Jürgen Ahrend, regarded as a connoisseur of Schnitger organs (and who had all the resources needed for this project in his workshop) was commissioned for this project. The materials included a provision of wood that had been stored up for decades. Three hundred years after the completion of the organ built by Arp Schnitger, the restored instrument was inaugurated in 1993. Cornelius H. Edskes, the leading Dutch organologist and Schnitger specialist, made sure the restoration was done as fundamentally secure as possible by creating the meticulous documentation needed. The result was a collection of more than 60,000 pieces of data.

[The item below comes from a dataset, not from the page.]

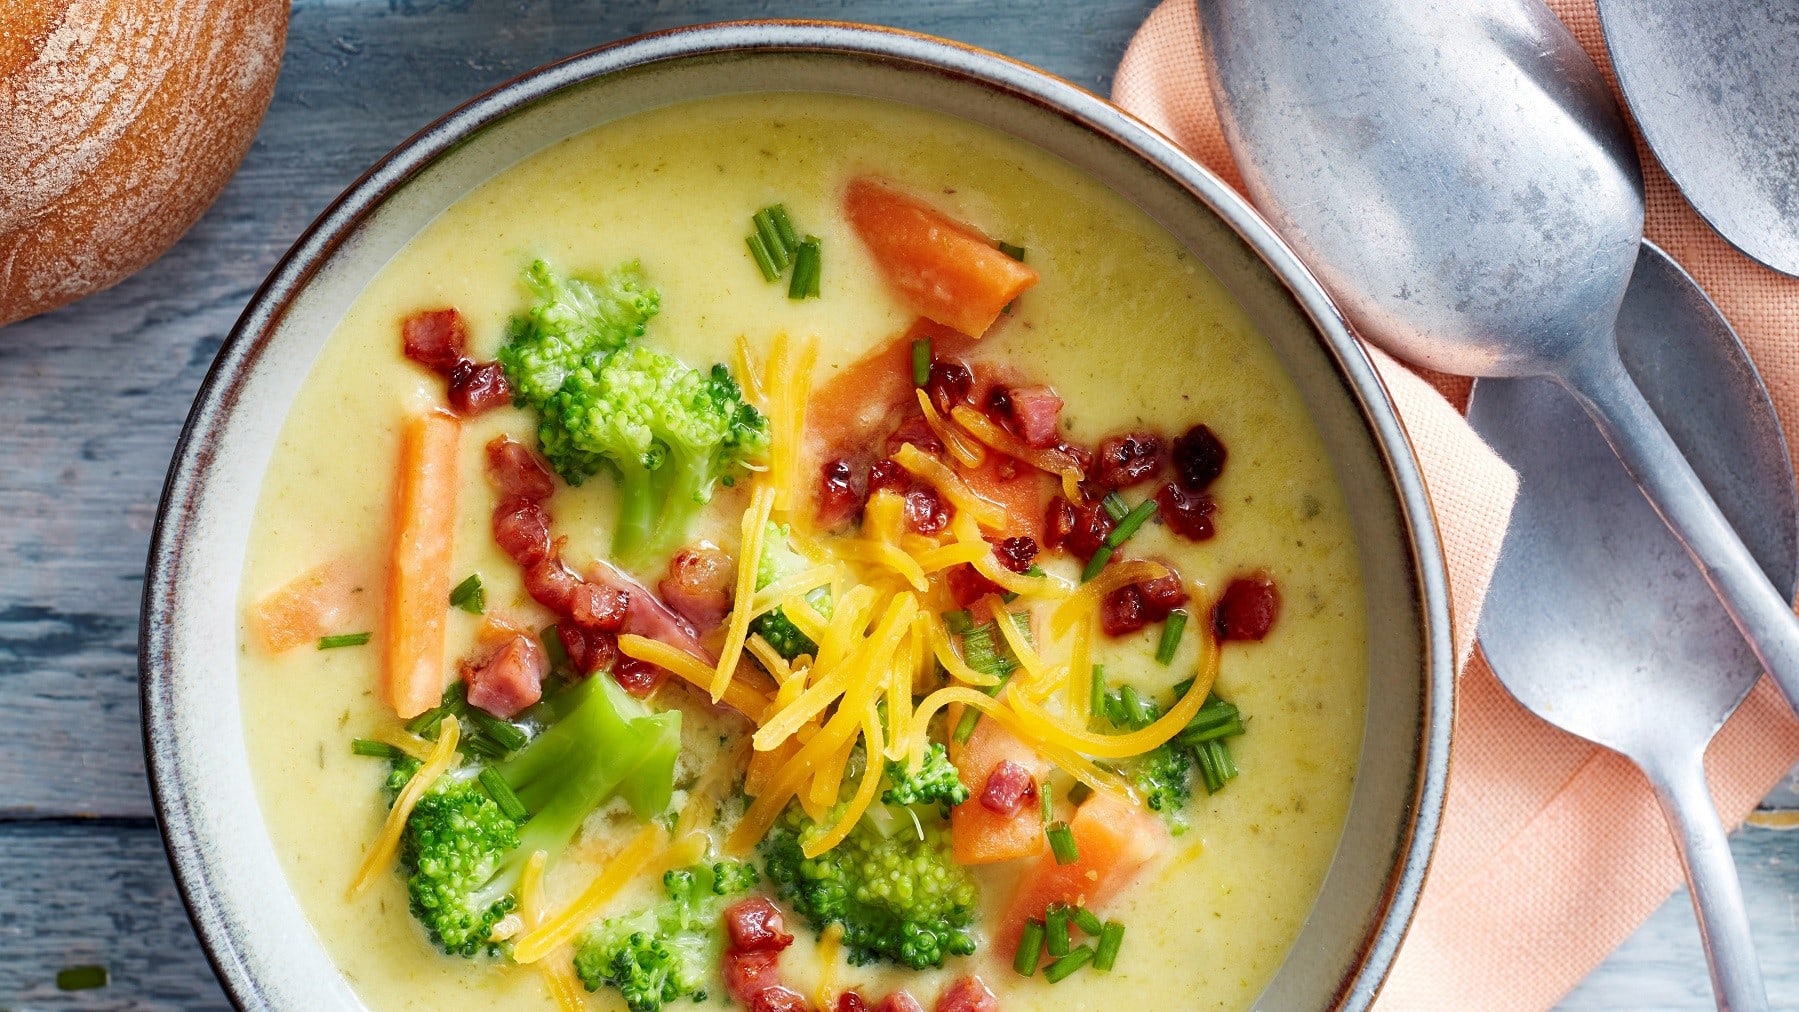 Cremige Cheddar-Brokkoli-Suppe, garniert mit Speck, frischem Brokkoli und Schnittlauch, serviert in einer Tonschale auf einem grauen Holztisch.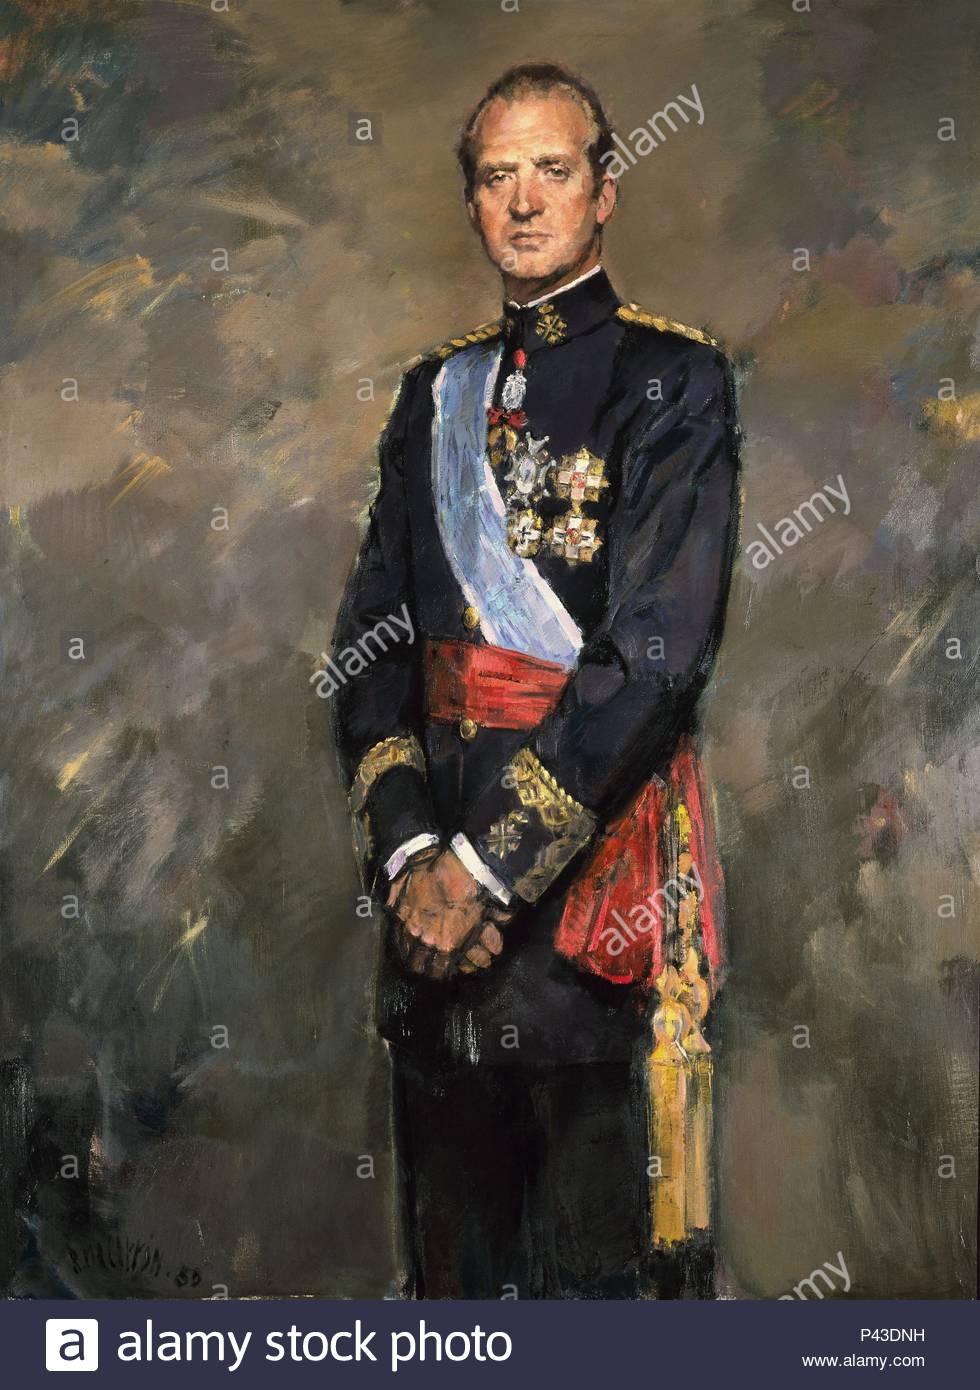 retrato-de-su-majestad-el-rey-juan-carlos-i-1977-l-147-x-114-n-178-inventario-autor-ricardo-macarron-1926-2004-ubicacion-senado-pintura-madrid-p43dnh.jpg

The discussion regarding the tuning of the organ led to the decision for modified mean tone temperament. It is a compromise between the standard pure thirds of the mean tone tuning and the requirements for playing organ literature from the 17th and 18th centuries in keys that contain multiple sharps/ flats. The discovery of the mean tone temperament was read off of the pipe lengths of the inner pipes of the Principal 32' in the pedal.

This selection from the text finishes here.